Эпплблум вздрогнула. Слишком уж свежими были воспоминания.
— Я… я испугалась, — промямлила кобылка, отводя взгляд.
Это случилось после того памятного поцелуя. Сколько прошло времени Эпплблум не подозревала. Горячечный бред извращал чувство времени, растягивал минуты в часы, а часы вырывал из памяти. Что-то жуткое виделось ей в мутных кошмарах, но, как всегда и бывает, кобылка не могла запомнить, что именно. Даже не была уверена, что ей действительно «снилось» хоть что-то — воспалённый разум мог просто неправильно интерпретировать страдания тела.
Одно она помнила точно. Тот огонёк, что поселился в её груди после поцелуя, жёг её раскалённым железом, так и норовил прожечь немощную плоть насквозь, причинял лютую боль. Не физическую, какую-то иную, почти незнакомую. Чем-то она отдалённо напоминала жажду движения, когда до конца ненавистного урока остаётся совсем чуть-чуть, а время тянется так медленно, и уже никаких сил не хватает сидеть… Только вот эта жажда в сравнении с тем, что чувствовала кобылка в ту злополучную ночь, была сродни комариному укусу против перемалываемым в фарш конечностям.
Силы кобылки таяли, неосязаемый ужас бродил где-то совсем близко, того и гляди схватит и… и всё. Она действительно просто испугалась.

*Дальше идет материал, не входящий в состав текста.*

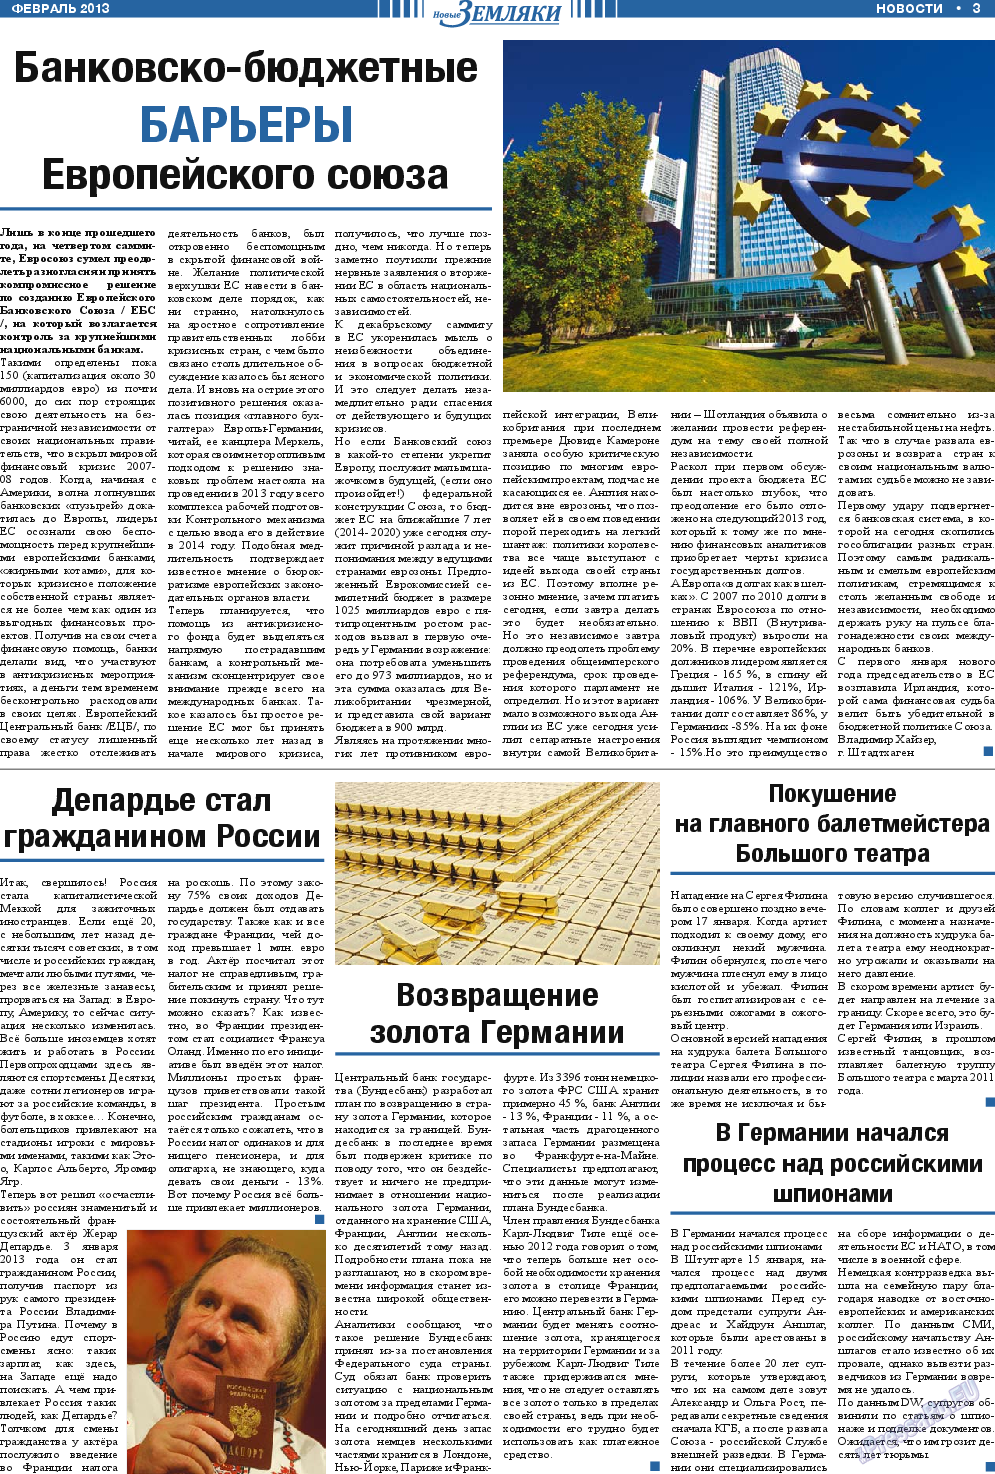 Новые Земляки, газета. 2013 №2 стр.3

Сильнее, чем за все часы кошмара до этого. Эпплблум просто поняла: ещё миг — и случится что-то ужасное, непоправимое, и всё станет напрасно. Да и огонёк в груди полыхнул так яростно, так отчаянно. Эпплблум рванула вперёд со всех сил, совершенно не думая о непослушных ногах, о боли и ранах во всю спину. Сама не заметила, как вынесла тяжёлую дверь, бездумно неслась по коридорам, паникующий разум во всём и во всех видел угрозу
На одних рефлексах кобылка разносила монолитные стены, одним лишь волевым усилием рушила перекрытия и мяла пространство как лист бумаги. И упорно не обращала внимания на то, как она двигается, чем является. До тех пор, пока её каким-то чудом не загнали в тупик. Стил Рейн пришёл лично вразумить монстра. Только в его присутствии кобылка наконец успокоилась и смогла вернуться в нормальную форму.
— Эй, эй, я же не говорю, что это плохо! — начала оправдываться Свити, явно не рассчитывавшая, что её слова так сильно заденут подругу.
— Так, а вы вообще о чём? — подозрительно нахмурилась Скуталу.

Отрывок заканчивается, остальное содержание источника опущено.